Here’s an update on Bruiser’s shiner. You can really see it well when her eye is closed. The swelling is down. Unfortunately, my genetics will keep that bruise around for a while. My side bruises easily and often.

We’ve been having such a good time on the way to school singing “Wheels On The Bus”. Her favorite parts are the horn “beep, beep, beep” and the driver “move on back”.

I’ve run out of bus parts so I have to make up other things. Here are some samples:

Clinton on the bus says,
“Where’s the girls?”
“Where’s the girls?”
“Where’s the girls?”

Bin Laden on the bus says,
“Infidels!”
“Infidels!”
“Infidels!”

Tom Cruise on the bus says,
“I’m a nut!”
“I’m a nut!”
“I’m a nut!”

So that’s been fun …

Best quote of the week comes from George Dunham at 1310 AM KTCK in regard to parents not disciplining their kids for trouble the kids get into at school.

“Parents should start being parents and stop being defense attorney’s for their kids.”

Friday quiz time!!!!!

Here’s the deal. Andy can’t play this week. Every one else is eligible. Send an email to this address with your answer. The question/contest is:

What’s the dollar amount and item of the last thing you purchased? You may get extra points if the item is kind of crazy.

Lowest dollar amount wins. Contest ends Monday August 22 at 12:00 PM Central.

Good Luck!

Tag Post

August 18, 2005

Lee Ann tagged me on this one.

List five songs that you are currently digging :

1. 1985 – Bowling For Soup
2. Ohio (Come Back To Texas) – Bowling For Soup
3. Baby Girl – Sugarland
4. Not As Good As I Once Was – Toby Keith
5. Big Time – Big and Rich

Alecia with and E, AI, Steve, Fred and that funny dude at The Everglades, you know the one with the PHD in phlatulen-scientology are officially tagged.

We Have A Winner

August 18, 2005

Thanks everyone for their entries in last week’s writing quiz.

Andy of Artificially Intelligent won. He will get his nickel this weekend over hot wings! His picture will be posted in the Thunderheads gallery with his winning nickel soon.

Where were you 12/31/1999?

Winning Response:

Like most people, I was hunkered down in a bomb shelter waiting for the inevitable millennium
apocalypse.

Fraught with anxiety and a bad case of hives, the coarseness of the camo fatigues was driving me crazy. As I sat on the bench, clutching my Pirelli automatic shotgun, I began to count the cans of Vienna sausages, just passing the time until the end of the world.

I lost count once I got to… oh about 7, and had to start over. But before I got back to that point again, I dozed off didn’t wake up until Monday morning which was Jan. 3rd.

Apparently the triple dose of Benadryl I took to ward off the effects of the biological weapons was a bit… excessive.

🙂

-Andy

People really do win!

Odds And Ends

August 18, 2005


You will notice my daughter has a nicer shiner on her left eye. Little a got in a scuffle with the stool beside her bed last night. Shortly after, we discussed that if she is going to run to her room, it might be a good idea to run to her soft mini-pink-gingham chair instead of the hard wooden stool.

No calls to CPS please, SIL is a former agent and we have our bases covered.

Last two days have been very hectic. We have been trying to patch about 300 PC’s around campus infected with some worm.
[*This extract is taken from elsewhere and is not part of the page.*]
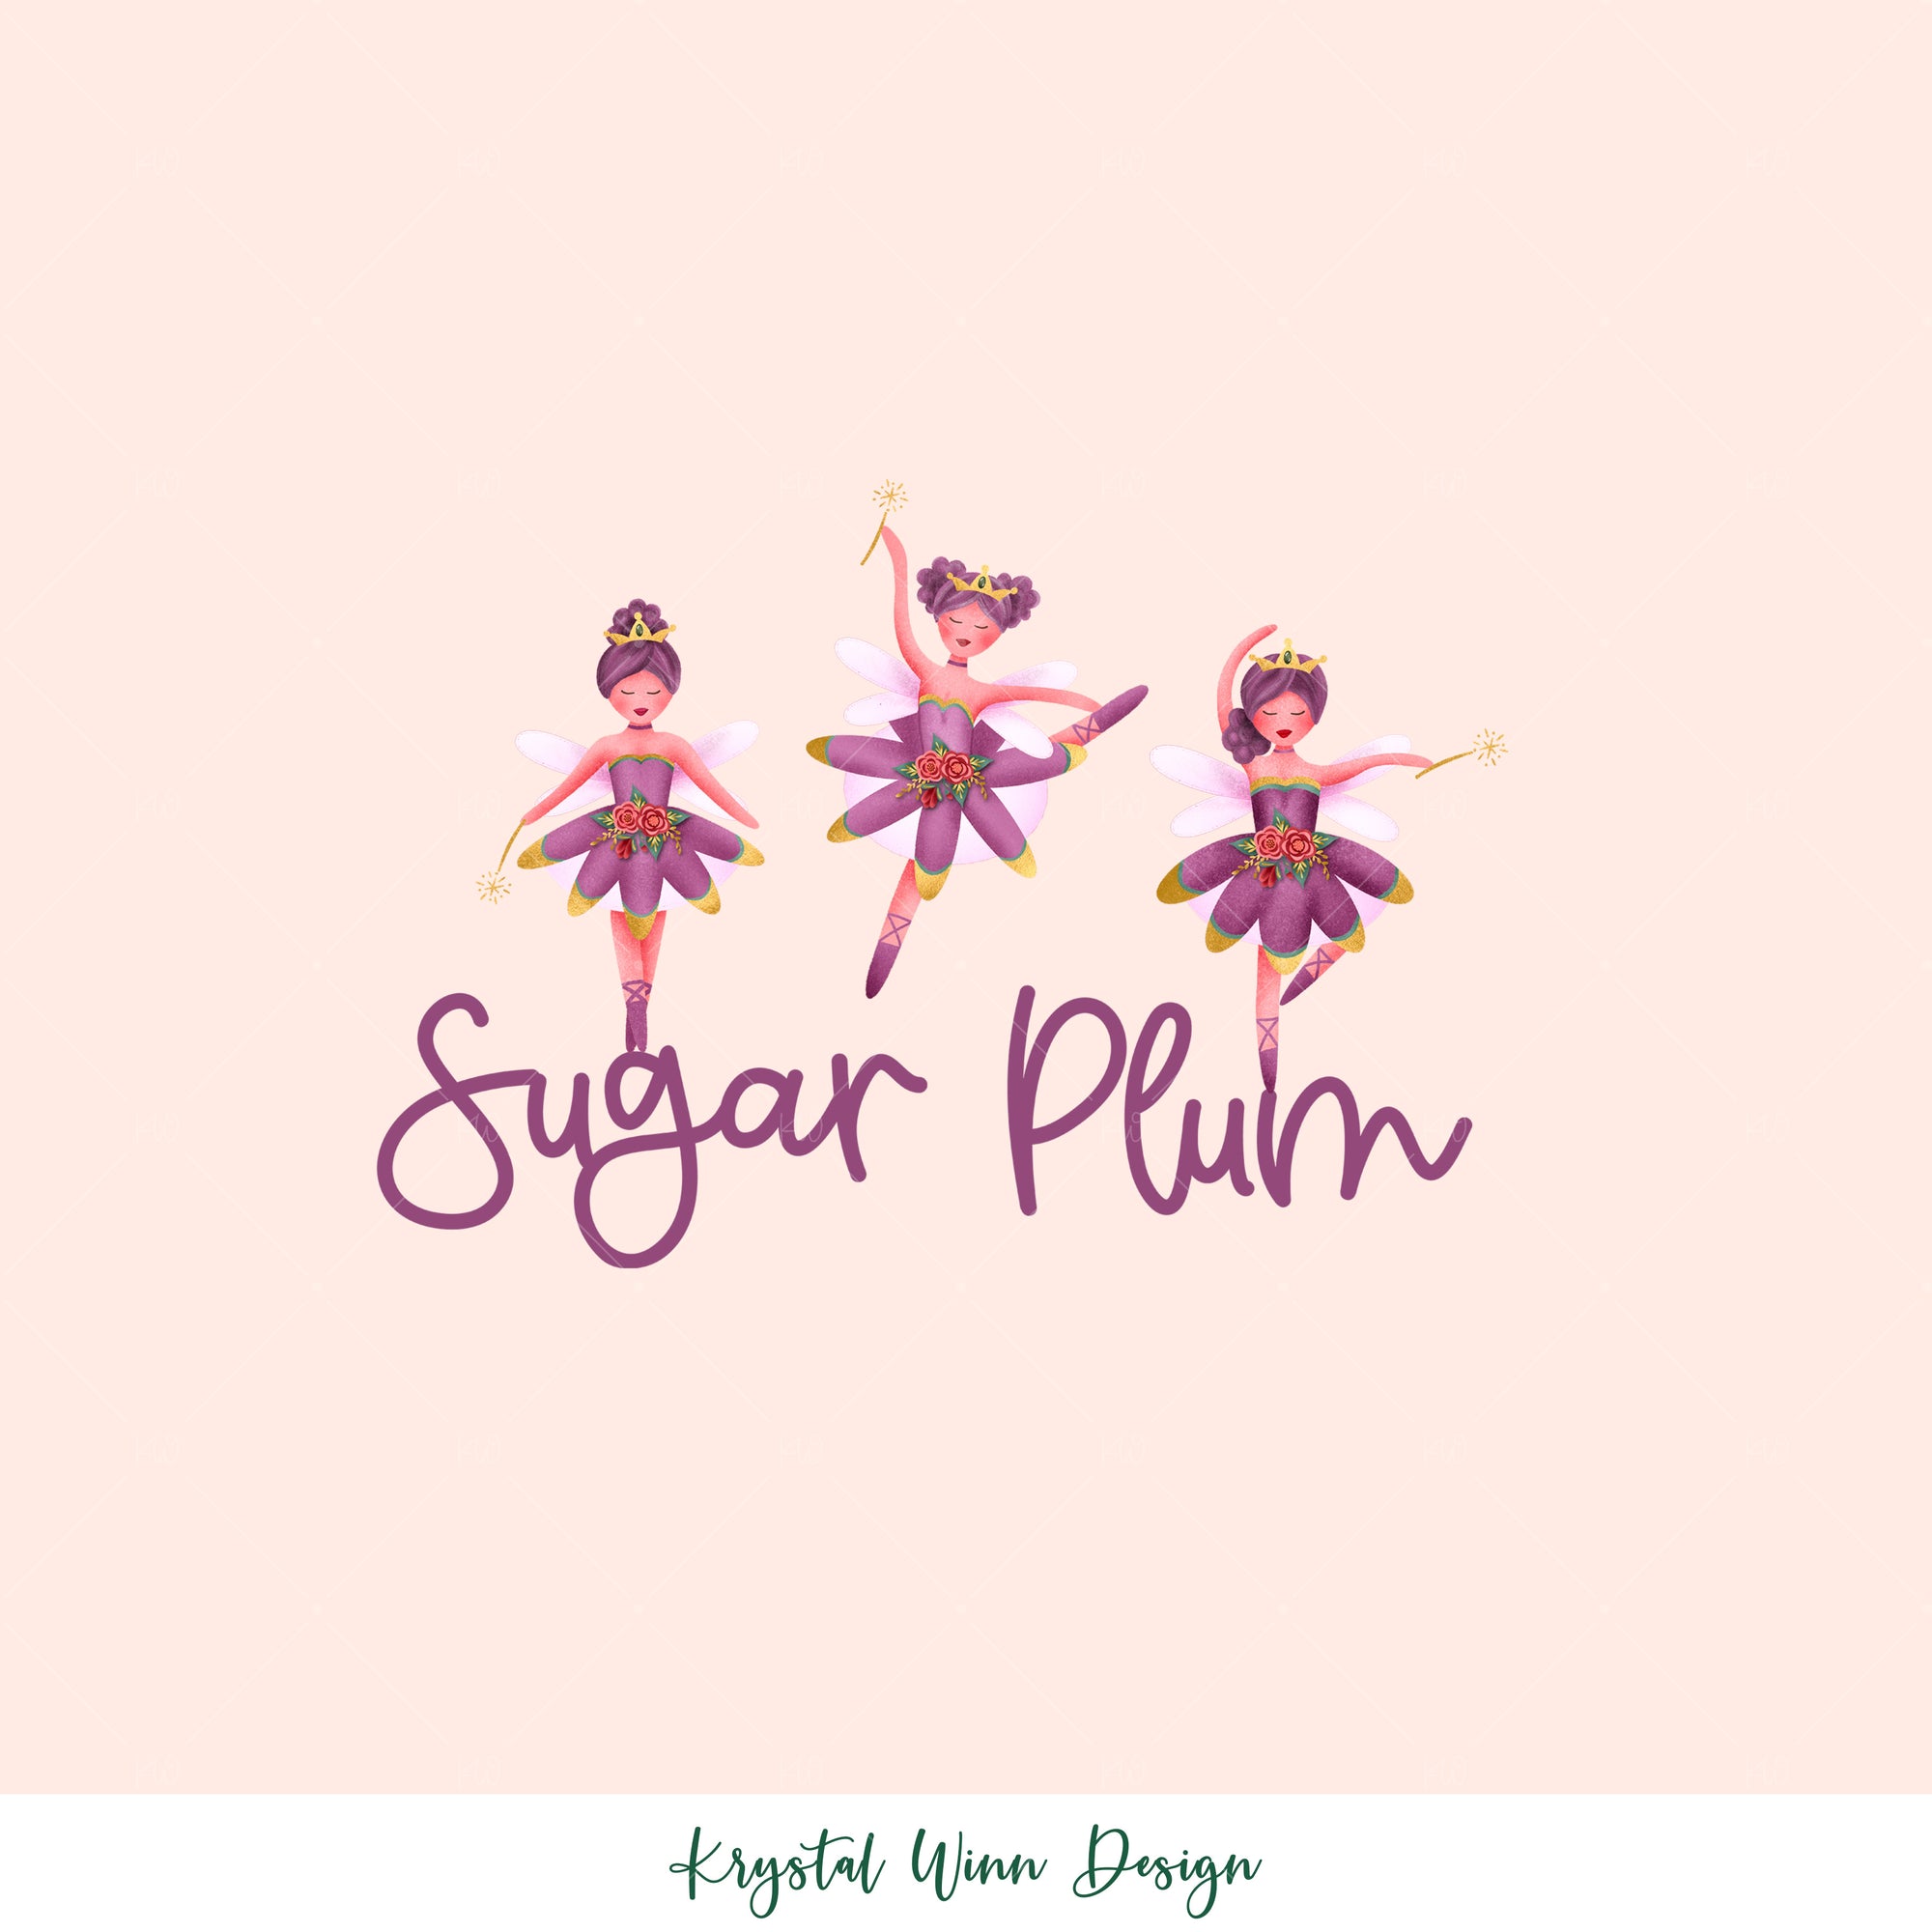 Sugar Plum 2 PANEL

Ya, they are pressing web guys and developers to get this done. Although not that interesting a task, I did meet the asst. women’s basketball coach yesterday and I’m slated to meet the head men’s coach today.
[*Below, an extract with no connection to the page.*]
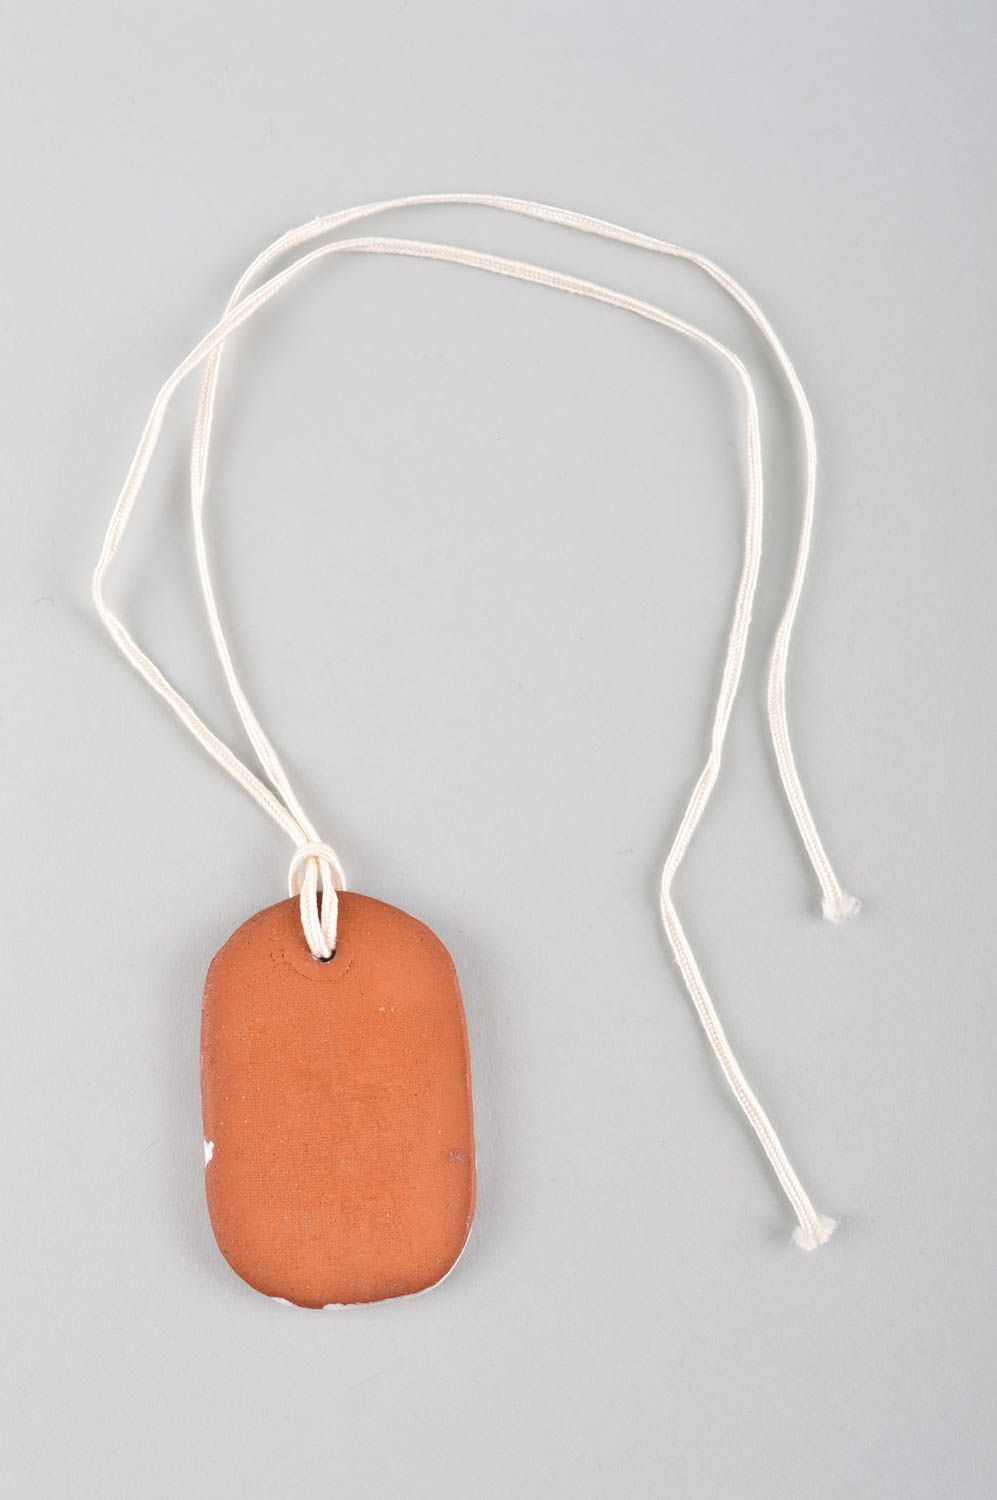 Clay pendant handmade pendant handmade clay pendant clay jewelry gift ideas photo 4

Athletics is a very interesting section of a college’s campus. It’s a whole different world. And believe it or not, they wear suits and ties most of the time. I guess Bike coach shorts went out with the 80’s.

Tomorrow we’ll have a new quiz. I’m really looking forward to them. Lots of good teacher stories from A this year. She has the best behaved class ever but, well, the intellectual level is not the highest it’s ever been. But the stories are always interesting.